What is lacking in actual conflicts is not the absence of law or lawlessness, but only the absence of an agreement on the facts. And the need for judges and conflict arbitrators, then, is not a need for law-making, but a need for fact-finding and the application of given law to individual cases and specific situations. Put somewhat differently: the deliberations will result in the insight that laws are not to be made but given to be discovered, and that the task of the judge is only and exclusively that of applying given law to established or to be established facts. Assuming then a demand on the part of conflicting parties for specialized judges, arbitrators, and peacemakers, not to make law but to apply given law, to whom will people turn to satisfy this demand? They will not turn to just anyone, because most people do not have the intellectual ability or the character necessary to make for a quality judge, and most people’s words, then, have no authority and little if any chance of being listened to, respected, and enforced. Instead, to settle their conflicts and to have the settlement lastingly recognized and respected by others, they will turn to natural authorities, to members of the natural aristocracy.”

Furthermore, the argument of Rothbard and Hoppe isn’t merely a theoretical construction.
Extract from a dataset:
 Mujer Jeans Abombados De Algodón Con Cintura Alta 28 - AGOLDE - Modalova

An anarchist society just like the one they described existed in Ireland for 1000 years. Rothbard tells the story: “The most remarkable historical example of a society of libertarian law and courts, however, has been neglected by historians until very recently. And this was also a society where not only the courts and the law were largely libertarian, but where they operated within a purely state-less and libertarian society. This was ancient Ireland — an Ireland which persisted in this libertarian path for roughly a thousand years until its brutal conquest by England in the seventeenth century. And, in contrast to many similarly functioning primitive tribes (such as the Ibos in West Africa, and many European tribes), preconquest Ireland was not in any sense a ‘primitive’ society: it was a highly complex society that was, for centuries, the most advanced, most scholarly, and most civilized in all of Western Europe.
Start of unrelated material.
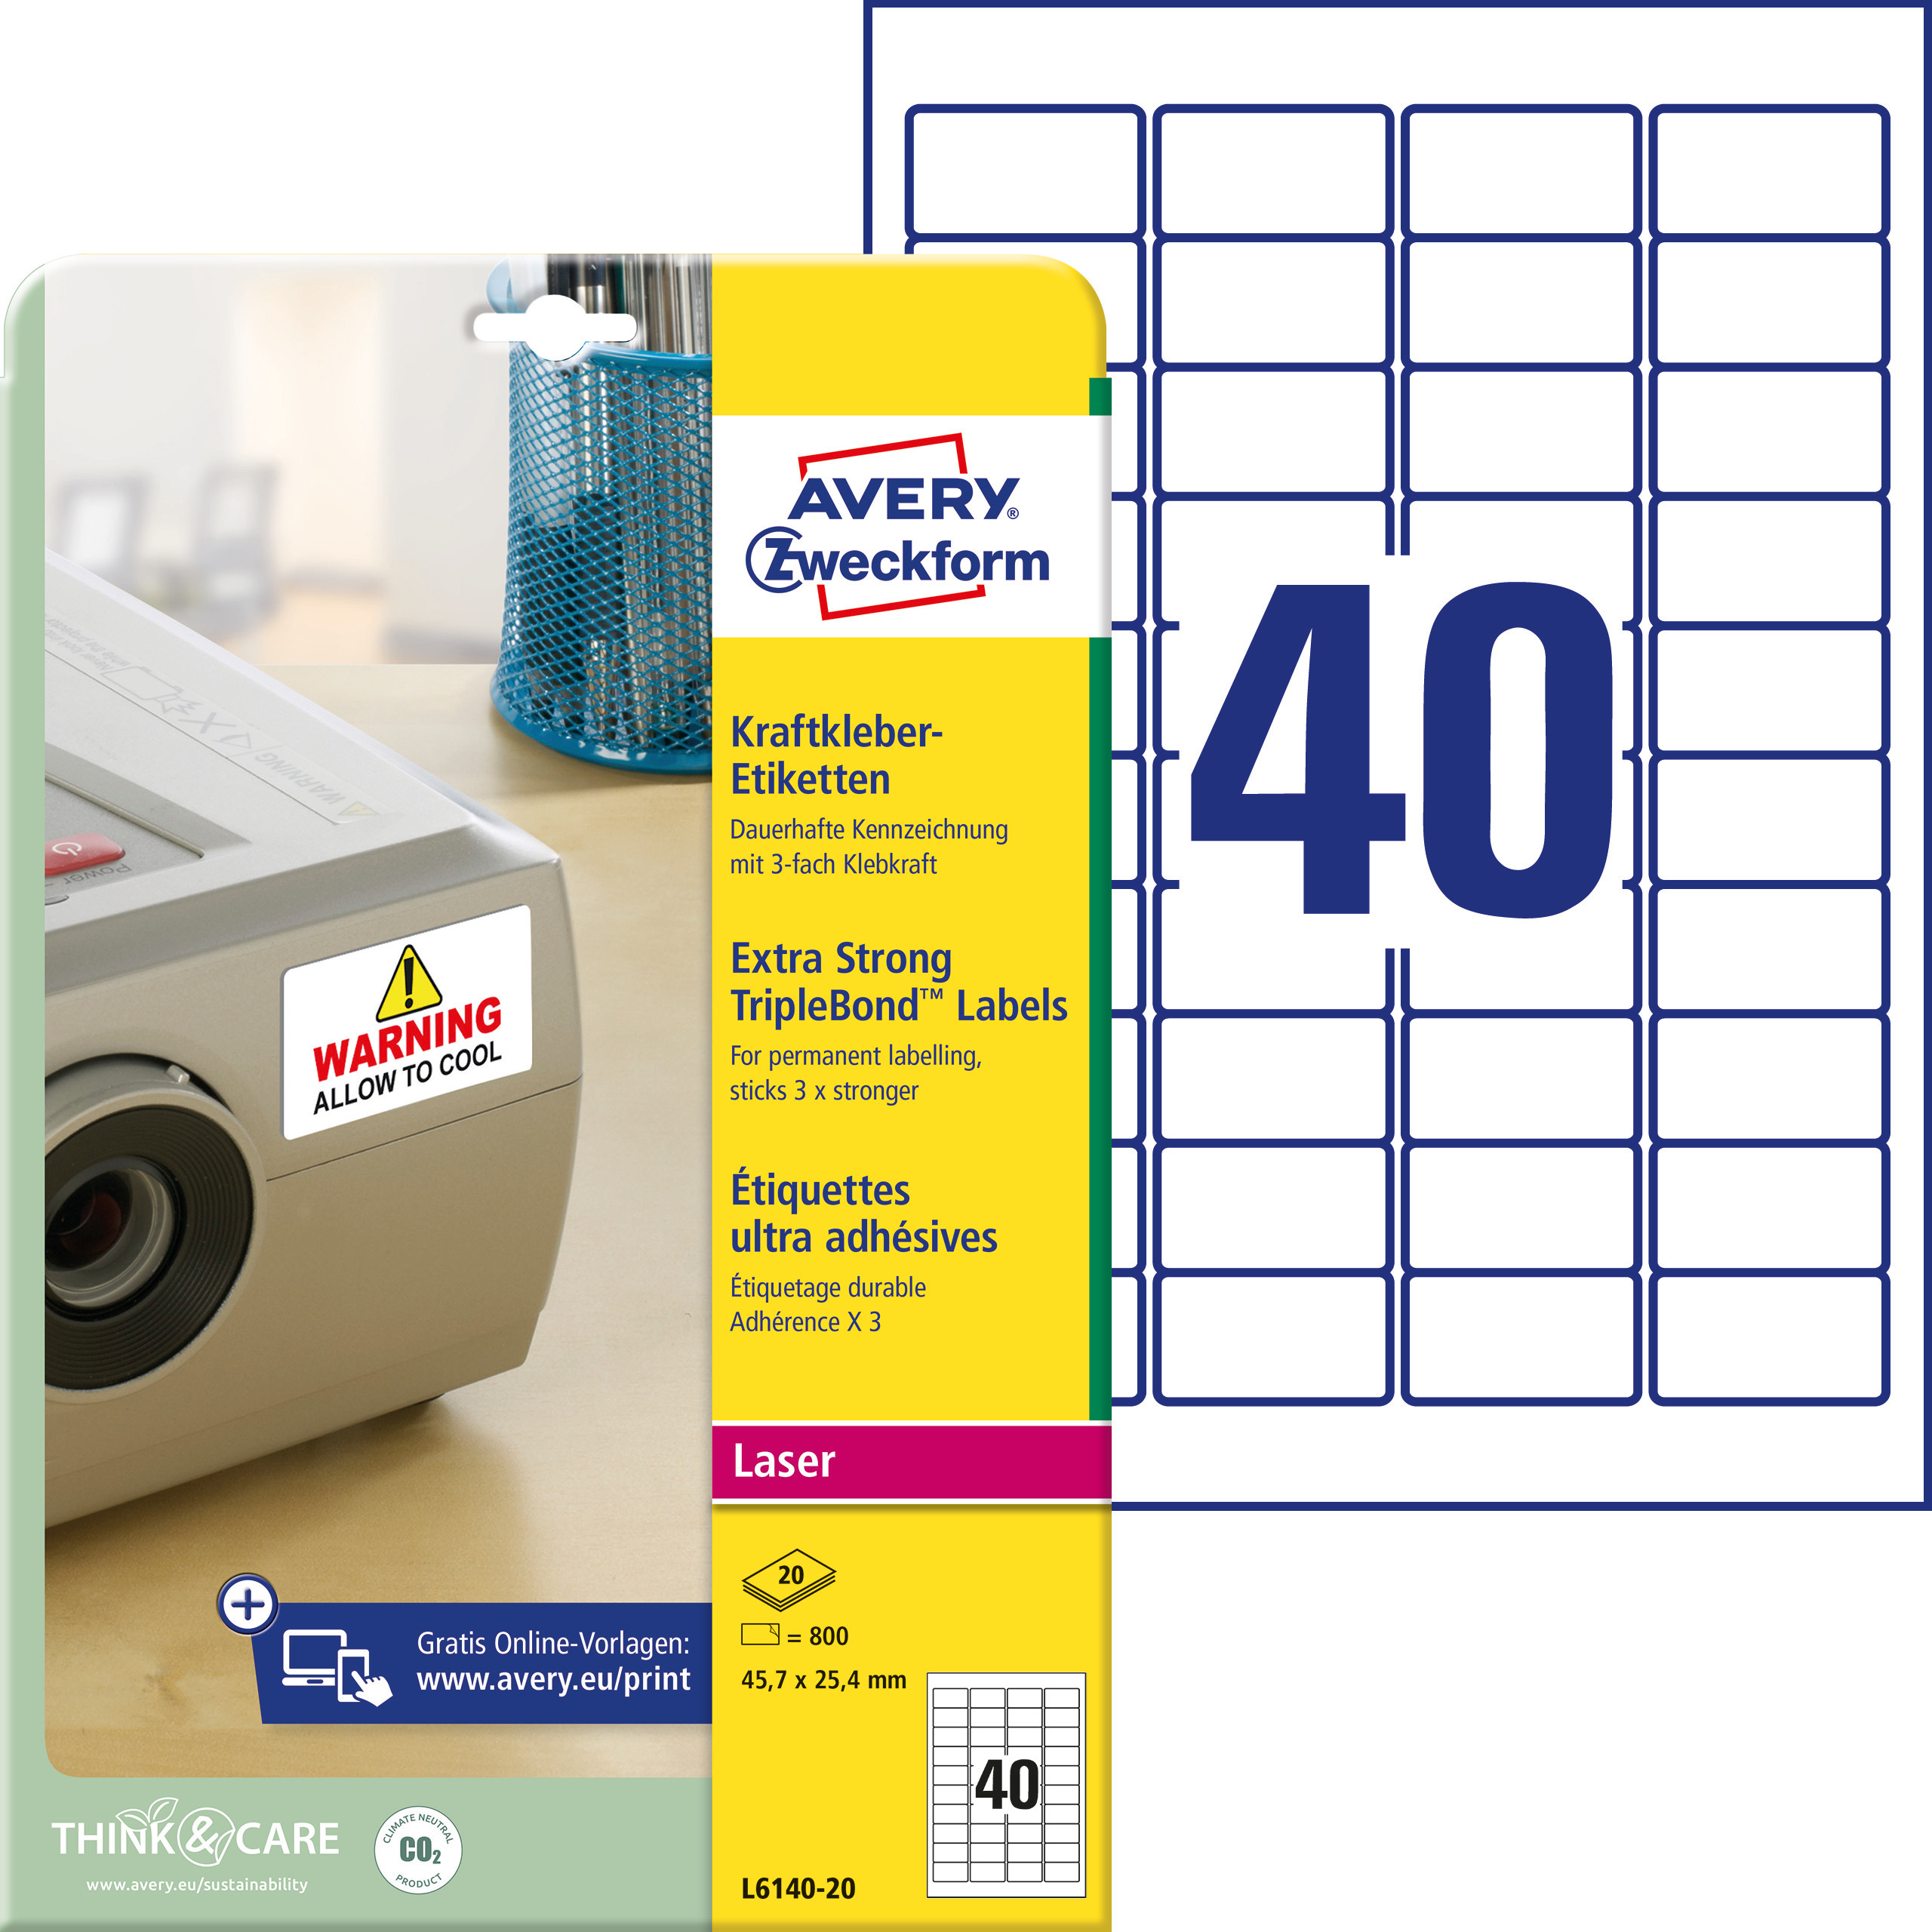 Samoprzylepne etykiety Triple Bond foliowe poliestrowe do drukarek laserowych - 40 etykiet na arkuszu

“How then was justice secured? The basic political unit of ancient Ireland was the tuath. All ‘freemen’ who owned land, all professionals, and all craftsmen, were entitled to become members of a tuath. Each Tuath’s members formed an annual assembly that decided all common policies, declared war or peace on other Tuatha, and elected or deposed their ‘kings.’ An important point is that, in contrast to primitive tribes, no one was stuck or bound to a given tuath, either because of kinship or geographical location. In short, they did not have the modern State with its claim to sovereignty over a given (usually expanding) territorial area, divorced from the landed property rights of its subjects; on the contrary, tuatha were voluntary associations that only comprised the landed properties of its voluntary members. Historically, about 80 to 100 tuatha coexisted at any time throughout Ireland.”

Let’s do everything we can to educate people about the menace of the State!